Devolution ‘could herald expansion of early intervention approaches’

6 Apr 16
Devolution could free local authorities to develop early intervention and prevention services that make greater use of social investment, a senior third sector figure has told Public Finance.

Cliff Prior, chief executive at Big Society Capital, which works to boost investment in charities and social enterprises, said greater power for councils could break down silos that can hinder joined-up social interventions.

A report published by BSC last month found the social investment market in the UK was worth at least £1.5bn, and Prior said there was growing use of approaches such as social impact bonds to help charities take up contracts with local authorities to tackle social problems.

In total, 31 SIBs (where investors get repaid once the interventions have been successful) have been issued in the UK across areas such as homelessness, looked-after children, social isolation and supporting people with long-term conditions.

Speaking to PF just four weeks after taking up the post at BSC, Prior said these had shown “particularly good potential” to protect against harm that would otherwise cost the public sector more in the future.

“Government agencies don’t have the potential to put that preventative activity in place because they would have to double run [with existing provision], so bringing in a social investor can take some of the risk of that and allow charities and social enterprises to use innovative approaches to achieve that preventative goal,” he said. “And we are now seeing that.”

SIBs provide funding for charities to take on payment-by-results contracts with public bodies, and can be used to share the risk.

As the funding mechanism allows more charities to take on such work, Prior said he would expect to see both “standardisation and specialisation”, with models developed by social enterprises more widely adopted.

This could include service integration similar to the government’s Troubled Families Programme, which has seen local authorities and charities work to better integrate provision across areas including worklessness, family breakdown and poor educational attainment.

“As social investment gets understood across the whole of the sector there will probably be some very specialised areas,” Prior told PF.

“I think we all know, and local authorities certainly know, that a very small number of people have very intense multiples needs where conventional services which tend to be based in silos, simply don’t work, and there’s a lot of damage to the people involved and a lot of damage to the public purse. That’s where you’d expect specialisation to be.”

Devolution could therefore allow local authorities to commission across a range of policy areas, Prior indicated. Deals reached so far have seen Greater Manchester take control of NHS spending to better integrate health and social care provision, and recent plans include localisation of spending around criminal justice including offender management. A series of other agreements have been reached with combined authorities around skills, transport and economic development.

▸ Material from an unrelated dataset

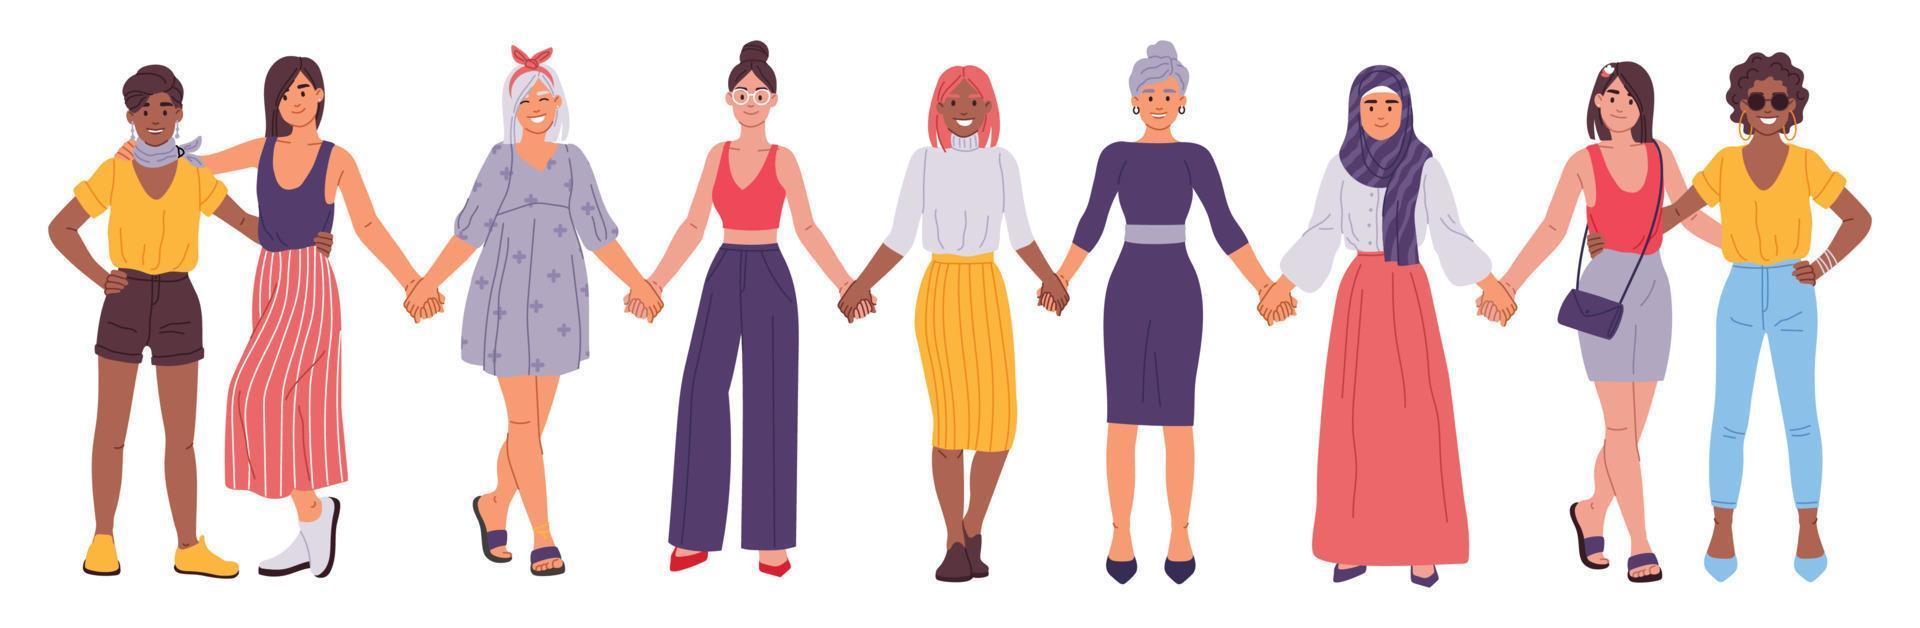 Frauen halten Hände, Freundinnen Stehen zusammen, Schwesternschaft Konzept. vielfältig Gruppe von weiblich Freunde, Mädchen Freundschaft Vektor Illustration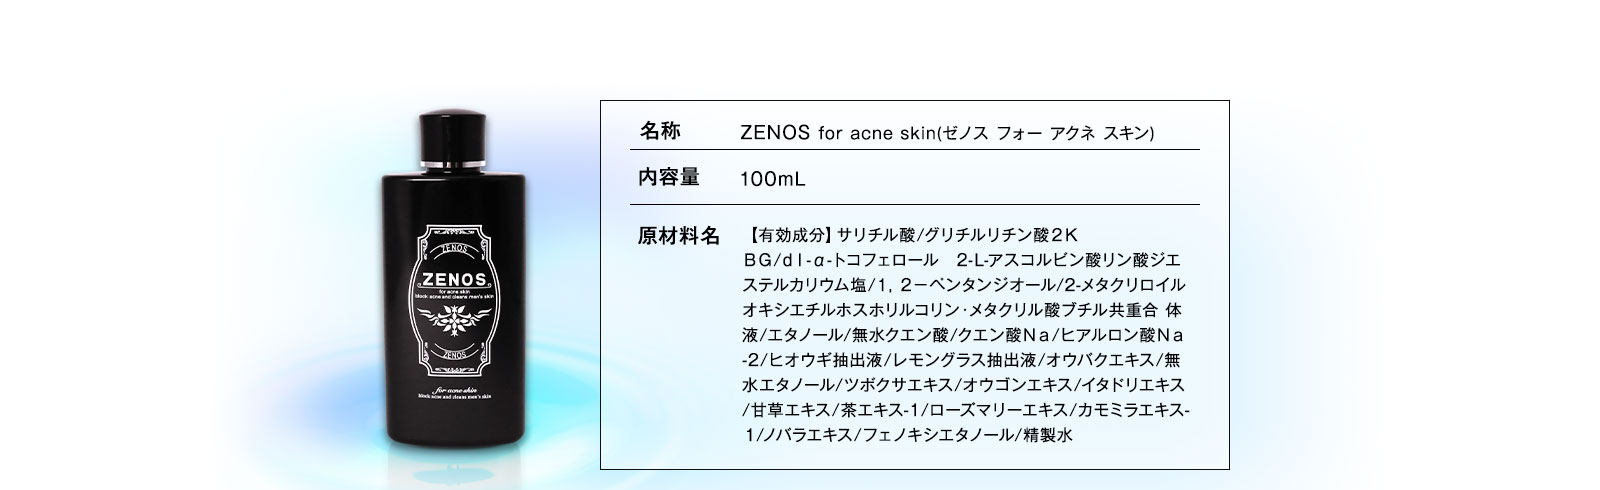 ZENOS-ゼノス-

“I think what‘s happening by way of devolution to localities could bring about a really big change, coupled with outcome-based finance approaches,” Prior added.

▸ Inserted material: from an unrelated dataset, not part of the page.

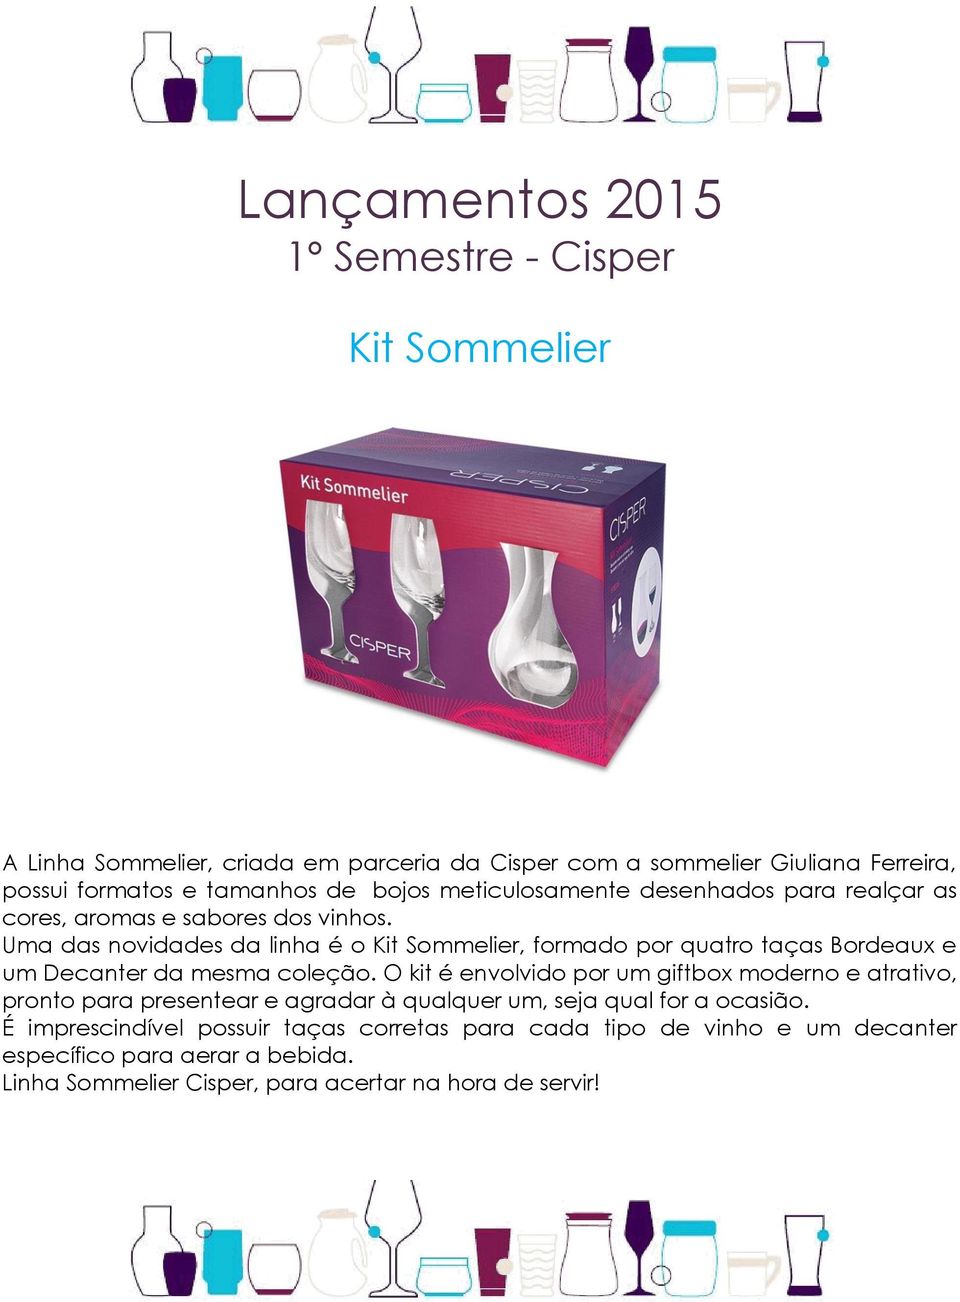 Uma das novidades da linha é o Kit Sommelier, formado por quatro taças Bordeaux e um Decanter da mesma coleção.

“It gives the opportunity to these authorities getting the devolution to pull together resources that otherwise would have been siloed, and that’s where you can get really great benefits.

“We know it works, the problem is always can you get enough different government agencies to agree to do this at one time. Perhaps with the new devolution arrangements, more of those are coming under a single banner is easier to make that happen.”

Setting out how the public service delivery role of charities and social enterprises could expand, Prior urged auditors to work with charities on ways to measure performance that would make outcome-based payments more robust. The third sector was getting better at assessing impact, with a number of international standards having been developed, but more needed to be done, he said.

“At the moment it is all very bespoke and manual. We need impact measurement to be of positive value and as economical as possible, rather than being a huge research project every time you do it, which is just going to be unaffordable.”